在神经血管单元中,周细胞位于脑毛细血管的中心位置,与脑微血管内皮细胞、星形胶质细胞、神经元及细胞外基质等共同构成结构和功能整体。周细胞通过直接接触或信号通路与其他细胞通讯,参与脑血流调节、血脑屏障(blood-brain barrier, BBB)维持、血管形成与稳定以及神经炎症调控等多重功能。尤其是周细胞在缺血缺氧条件下可获得多能干细胞活性,甚至可分化成为微血管或神经谱系细胞,这使其成为神经修复研究中的重要细胞来源。

关于周细胞对脑血流的调节,文章指出虽然传统观点认为脑血流主要由毛细血管前微动脉调控,但越来越多的研究证据表明周细胞具备收缩功能,能够通过收缩与舒张改变毛细血管直径,从而调节局部脑血流。相关电生理和影像学研究显示,周细胞内含有波形蛋白和 α-平滑肌肌动蛋白(α-sma)等收缩纤维,atp 等信号可通过升高细胞内钙离子浓度诱导周细胞收缩。采用双光子显微镜等的活体研究进一步证实,在生理和病理状态下,周细胞均可调控毛细血管管径和脑血流;周细胞退化可导致神经血管解偶联并减少脑氧供。

在血脑屏障调控方面,周细胞通过多种机制维持其结构与功能完整性。
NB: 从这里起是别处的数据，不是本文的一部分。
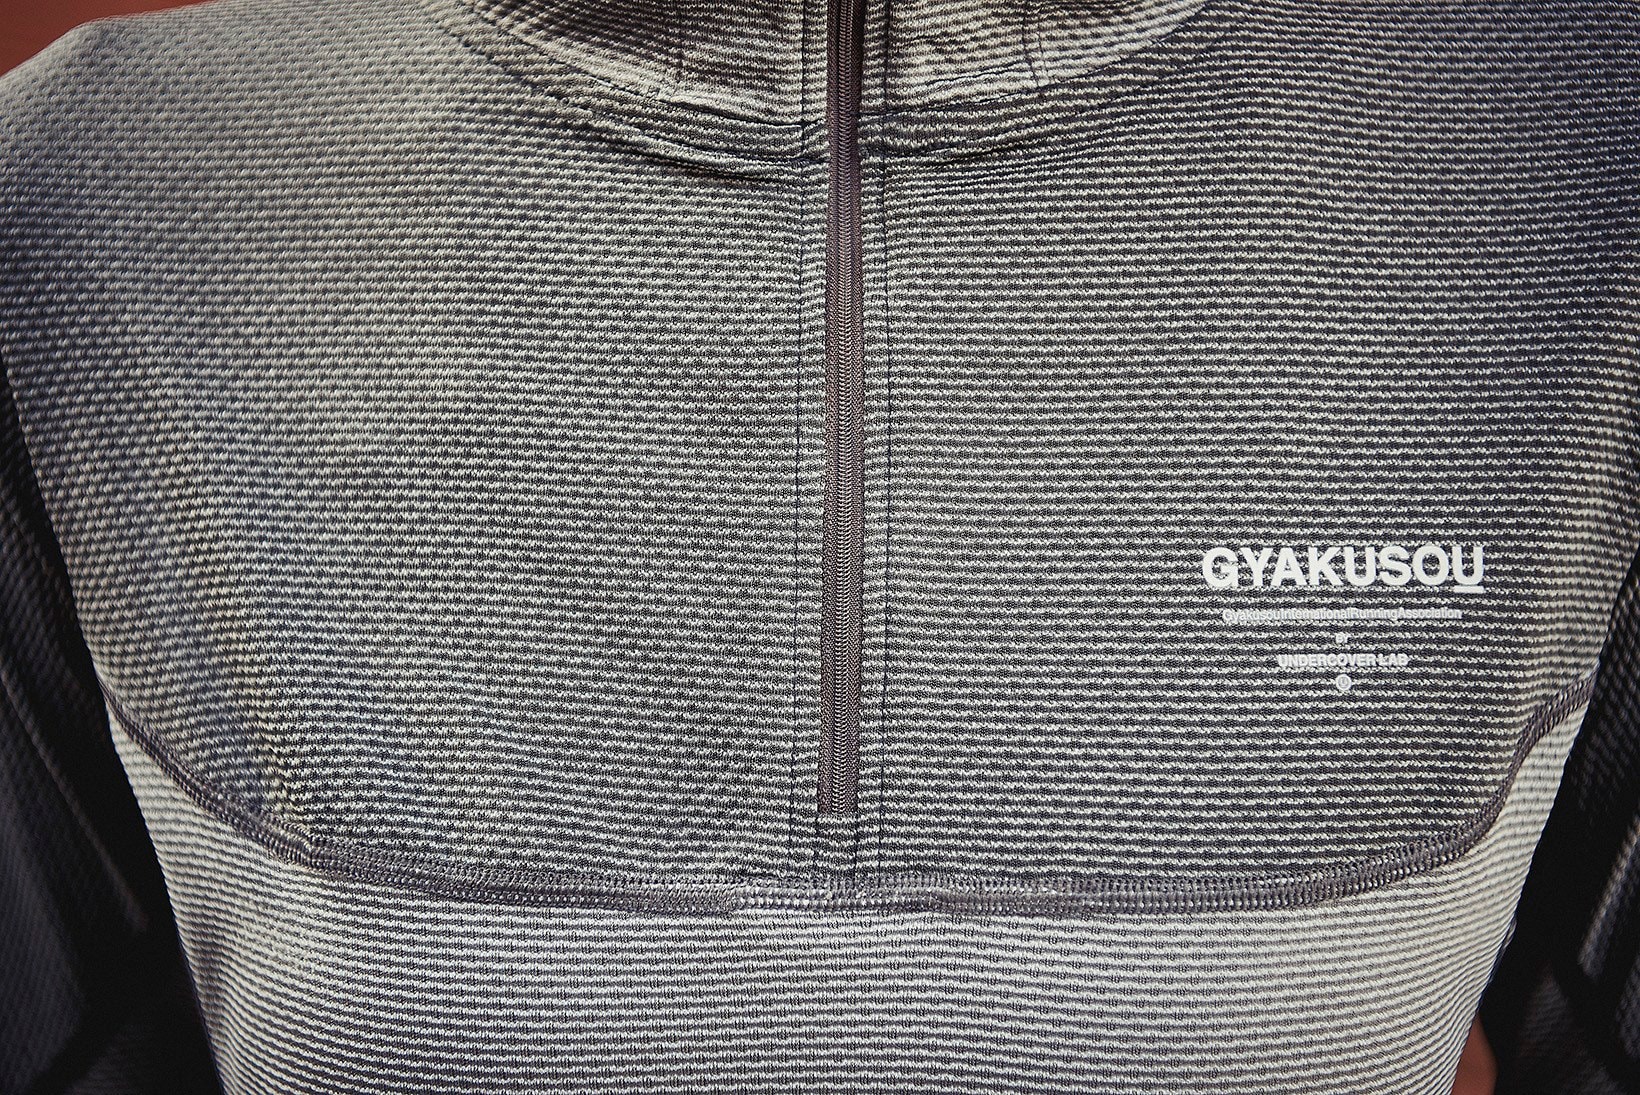 NikeLab 2016 Holiday Gyakusou Collection Jun Takahashi

首先,周细胞与内皮细胞之间通过缝隙连接、黏附斑和特殊的 peg-and-socket 结构形成紧密的物理接触,促进内皮细胞间紧密连接蛋白如 occludin 和 zo-1 的表达,从而降低细胞旁通透性。其次,周细胞可分泌转化生长因子-β(tgf-β)、血管生成素-1(angiopoietin-1)等可溶性因子,参与内皮细胞极化和屏障成熟。此外,周细胞还表达 abcg2、p-gp 等多种与屏障相关的转运体,协助维持脑内稳态。周细胞缺失或功能障碍可导致血管通透性增加,并进一步加重脑组织损伤。
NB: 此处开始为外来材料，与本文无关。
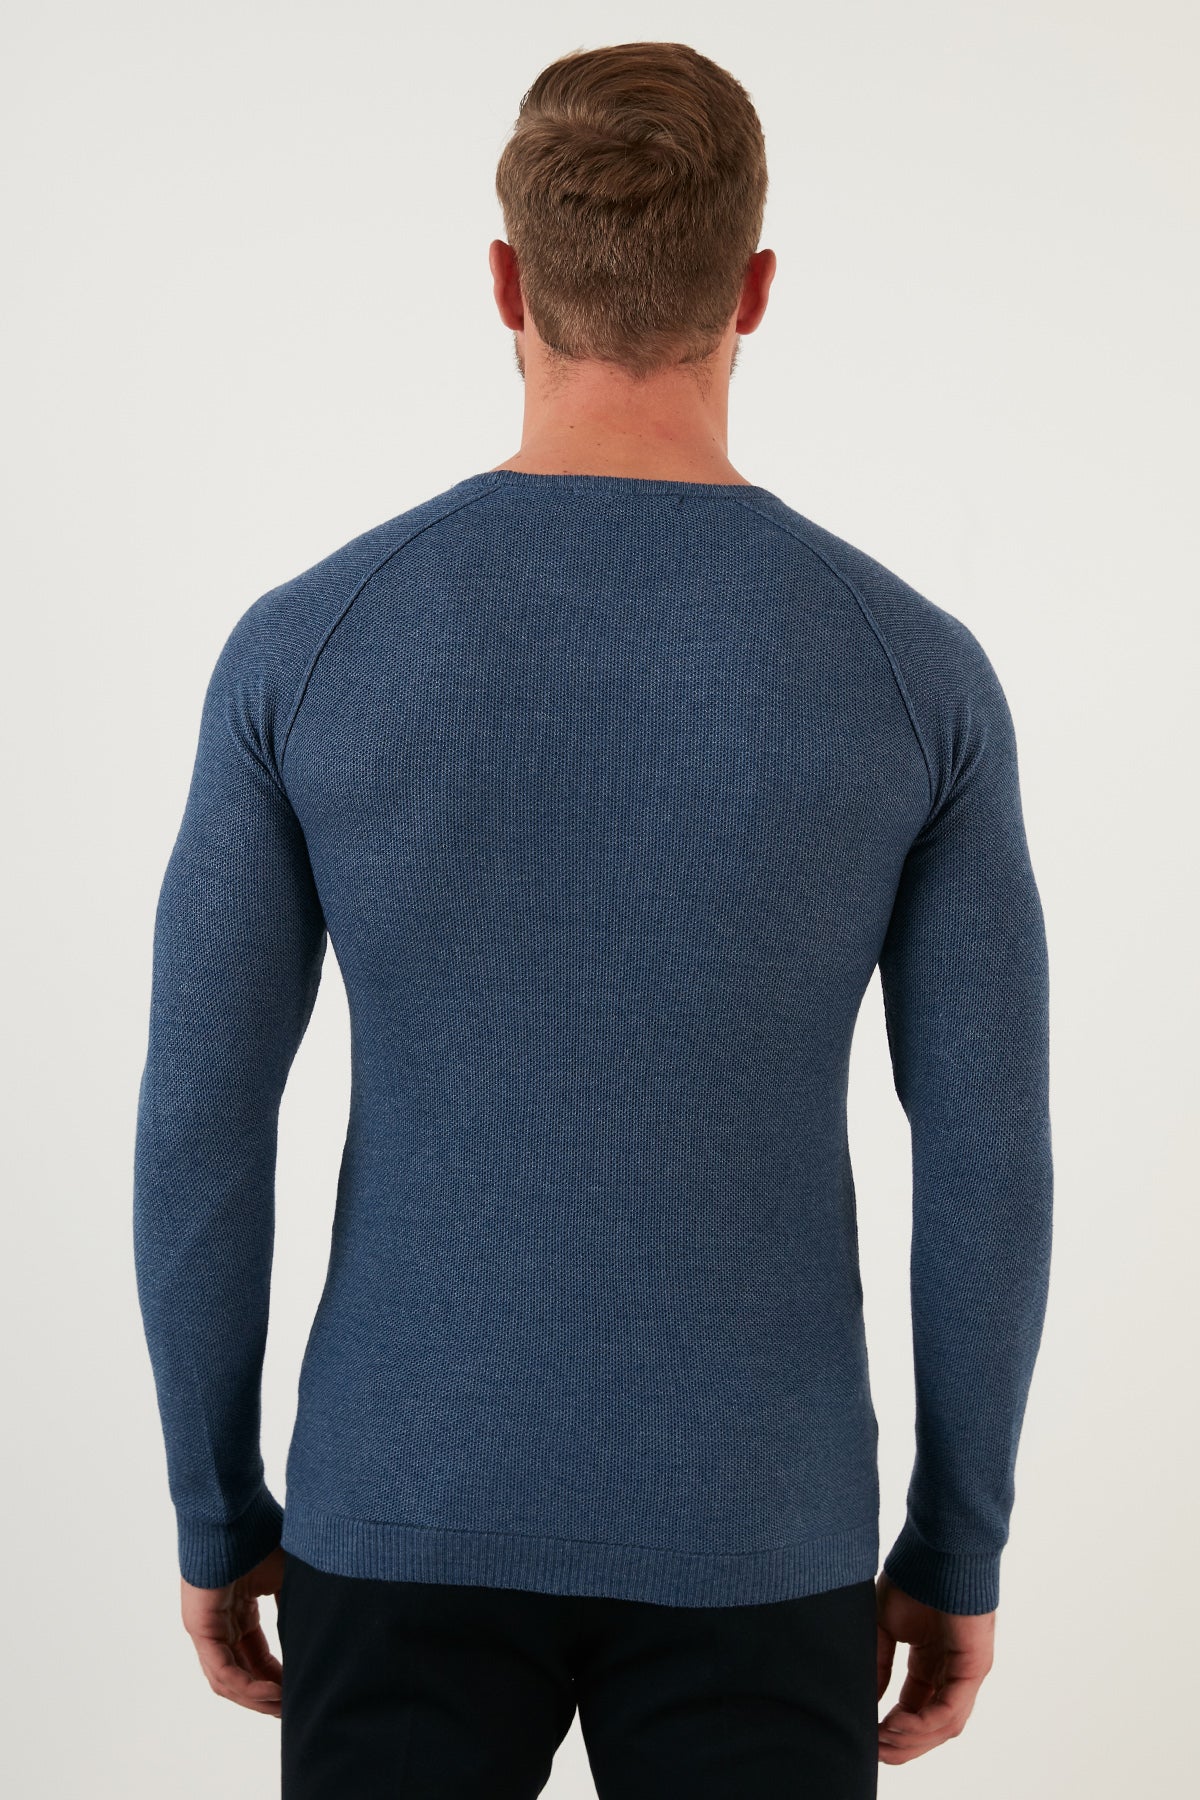 Buratti Slim Fit Crew Neck Cotton Knitwear Men's Sweater - ANTHRACITE

在血管生成与维持方面,周细胞贯穿血管新生全过程,包括出芽、迁移、新生血管成熟以及血管生成终止等阶段。周细胞通过分泌血管内皮生长因子(vegf)引导内皮细胞出芽,通过 pdgf-b/pdgfr-β 信号通路被招募到新生血管周围,并通过合成基底膜成分参与血管壁的成熟与稳定。angiopoietin-1/tie2 信号通路在周细胞与内皮细胞相互作用中同样发挥关键作用。周细胞还参与血管基底膜基质的组装,其与内皮细胞之间的异型细胞相互作用对基底膜形成和内皮管腔成熟至关重要。
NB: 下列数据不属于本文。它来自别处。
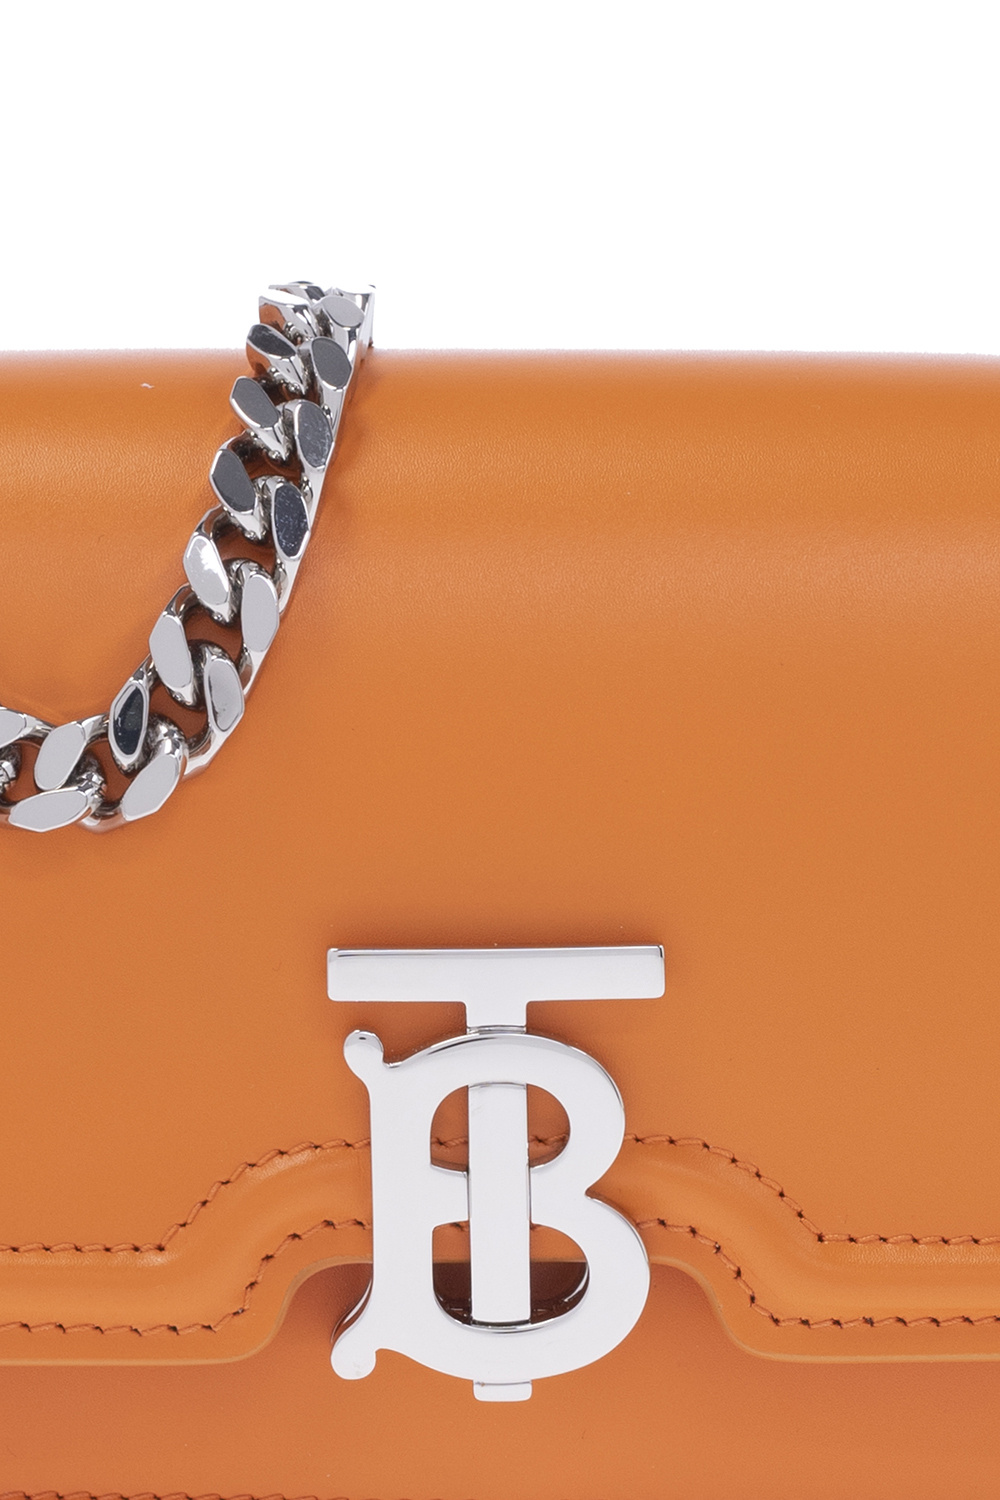 Burberry Mini Chain Tb Crossbody Bag in Orange

除结构支持外,周细胞在神经炎症中也具有免疫调节功能。周细胞可表达多种黏附分子如 icam-1 和 vcam-1,并在炎症刺激下上调这些分子的表达,促进白细胞黏附、爬行和跨血管迁移。脂多糖(lps)和促炎细胞因子可诱导周细胞分泌白细胞介素、肿瘤坏死因子-α 等细胞因子及多种趋化因子,从而放大神经炎症反应。周细胞还能响应全身性或中枢性炎症信号,将外周炎症传导入脑内,并在慢性神经炎症状态下导致血脑屏障支持功能下降。

在脑相关血管性疾病中,周细胞功能障碍与卒中密切相关。缺血后周细胞发生持续收缩,造成毛细血管节段性狭窄和血细胞滞留,即使脑动脉再通后也常出现微血管“无复流”现象。周细胞在缺血再灌注中的死亡和僵硬使微循环恢复受限制,加剧组织代谢障碍。此外,周细胞缺失还与缺血组织纤维化瘢痕形成有关,部分 pdgfrβ 阳性基质细胞增殖并沉积细胞外基质,阻碍神经再生。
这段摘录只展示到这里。